The Mystery of Happiness

How to live a soulful and spiritual life.
T. Byram Karasu, M.D. is Silverman Professor of Psychiatry at Albert Einstein College of Medicine. See full bio

Symptoms Are The Sacred Signals

The punishment is included in the sin

Under the black earth,
I saw hands that arranged roses.

-- Yunus Emre

In psychotherapy the patient is expected to understand his conflicts and his deficits as they relate to his life, and to identify and uproot them. The symptoms the patient experiences are considered the manifestations of these conflicts and deficits. These symptoms are to be cured by working them through via the insights gained in the process of psychotherapy. There is no question that a large segment of psychological problems lend themselves to such exploration and resolution. There are other schools of psychotherapy that may emphasize, to various degrees, emotional or cognitive or behavioral changes, and by their differing techniques attempt to bring about "cures." The most common are sufferings of patients who present themselves with anxiety and/or depression, the anxiety as a fear of impending disaster, the depression as the result of a previous disaster, real or fantasized. There are, of course many other symptoms, ranging from sexual dysfunctions to physiological disturbances, from phobias to obsessions, from low self-esteem to grandiosity. In one fashion or another, nonetheless, anxiety and/or depression come along with the other symptoms.

Listening to Prozac (or Valium) notwithstanding, most therapists try to figure out what causes these symptoms and provide a curative program based on their training and experience, as well as their concept of the patient as a psychophysiological entity. What get lost in the process, though, even if the symptoms are "fixed." Are the signals, the messages that the symptoms are conveying. Frequently these messages contain seeds of spiritual troubles, extraordinary messages from the depths of one's psyche, that one may be on the wrong track, in the wrong profession, in the wrong relations, in the wrong town, even in the wrong house.
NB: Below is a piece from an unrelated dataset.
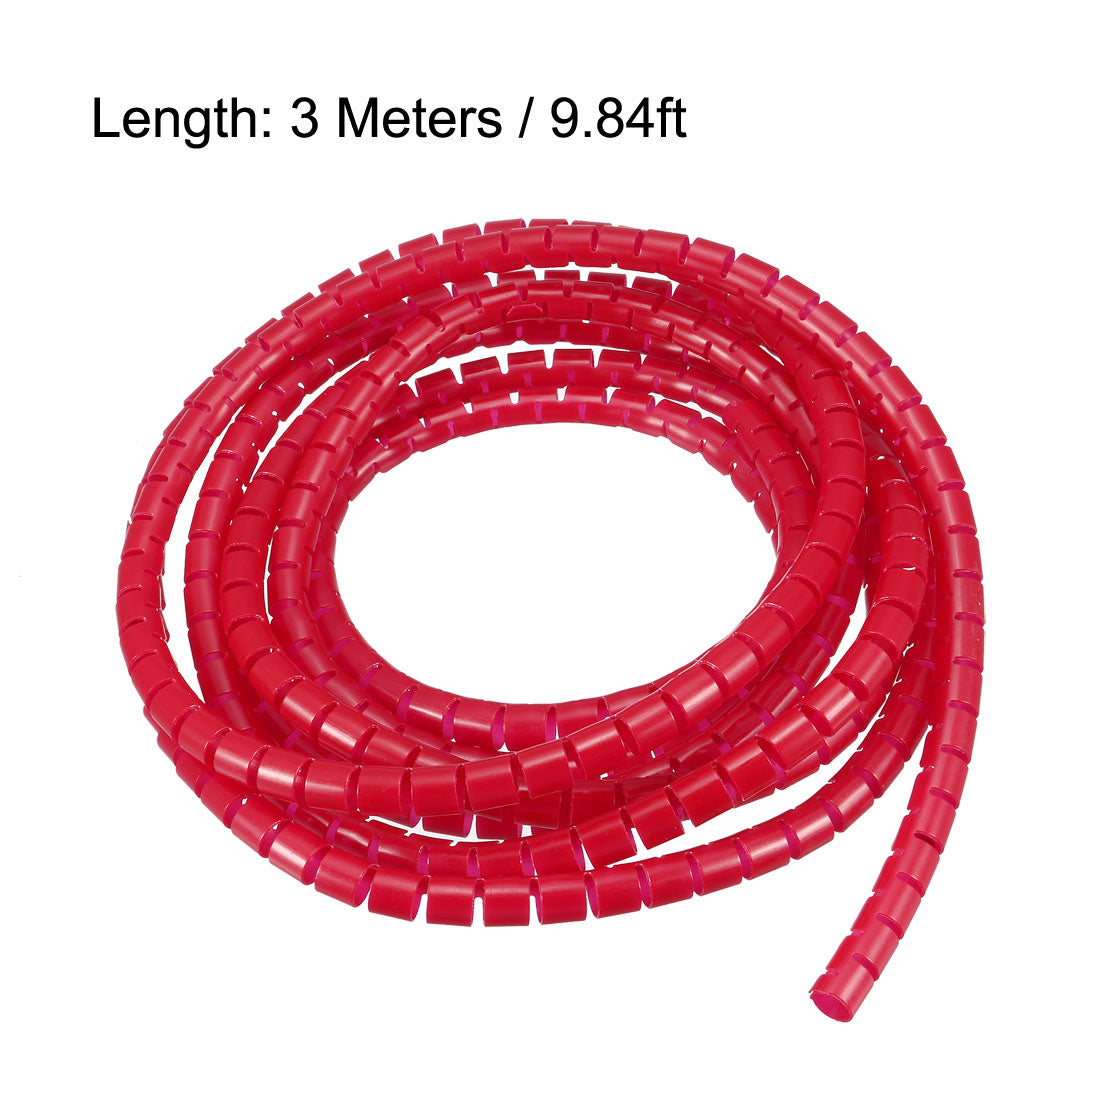 uxcell Uxcell Cable Management Sleeve Wire Wrap Cord Organizer 7mm x 8mm 3 Meters Length Red

In our culture, symptoms tend to imply something bad. The word symptom itself, however, merely means a combination (sym) of accidental happenings that together form a signal of a larger happening, which is inherently related to the larger context. In this way, we can look at a symptom less anxiously, and more simply, as a phenomenon (a word that meant, originally, something that shows, shines, lights up, brightens, or appears to be seen). In James Hillman's words, "A symptom wants to be looked at, not only looked into." A restructuring of perception is what doctors are therefore urged to do, in a light that shifts the valences from curse to blessing.

Battle with an illness generates a certain strength previously unknown to the person afflicted and often changes him so drastically that his intimates are so surprised they may ask themselves, "Is this the same person I knew?" His self becomes transformed to such a degree that he could have a different identity, a different name. In fact, there is a belief among the Inuits that when you fall ill your usual name leaves you. Similarly, Jacob wrestled with the forced (the angel) that inflicted serious wounds on him. Although he limped from the scene, he had been given, in Homeric terms an enabling wound and received a new name, "Israel, the God wrestler."
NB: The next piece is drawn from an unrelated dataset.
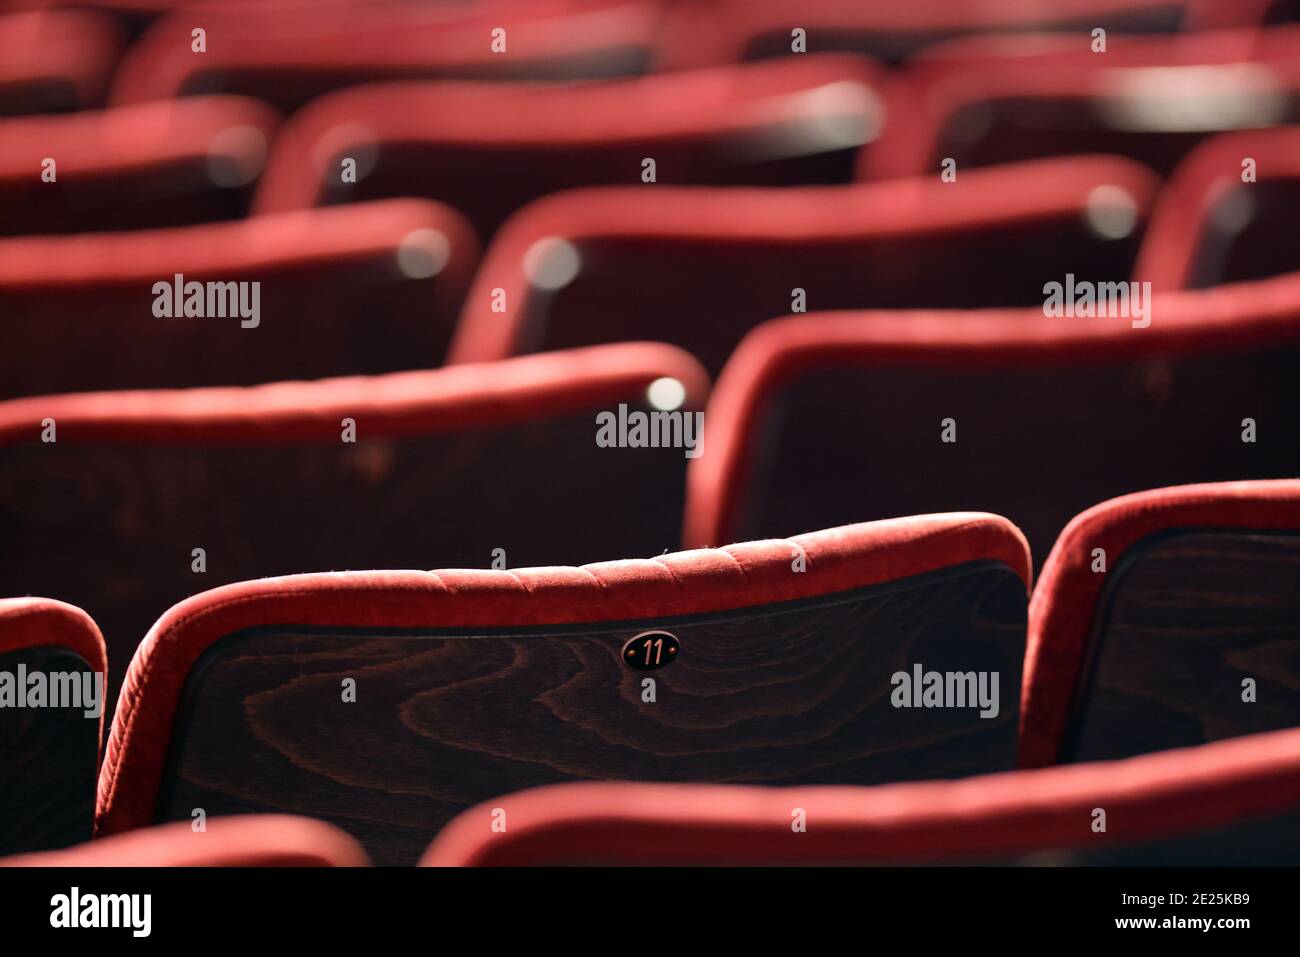 Empty red seats in theater.  Saint Gervais. France. Stock Photo

"You have no idea of the depths of my ignorance, Doctor, and there is no user's guide that comes with life." A patient pleaded. "Is there anything, psychologically I mean, that I should be doing or thinking? Please give me an unconscious hand." A healer may name the illness from its symptoms and make them visible to his patient, but the signals of the symptoms are delivered only to the recipient.

The lending hand of a healer could lighten the burden of the patient, especially if he is already a weight-carrying member of the spiritual community. But, ultimately, the person must first shift the valence of his life from suffering to calling.

In the tragedy Macbeth, Shakespeare writes:

Macbeth: How does your patient?
Doctor: Not so sick my Lord,
As she is troubled with thick-coming fancies,
That keep her from the rest.
Macbeth: Cure her of that;
Canst thou not minister to a mind diseased;
Pluck from the memory a rooted sorrow;
Raze out the written troubles of the brain;
And with some oblivious antidote,
Cleanse the stuffed bosom of that perilous stuff
Which weighs upon the heart.
Doctor: Therein the patient must minister to himself.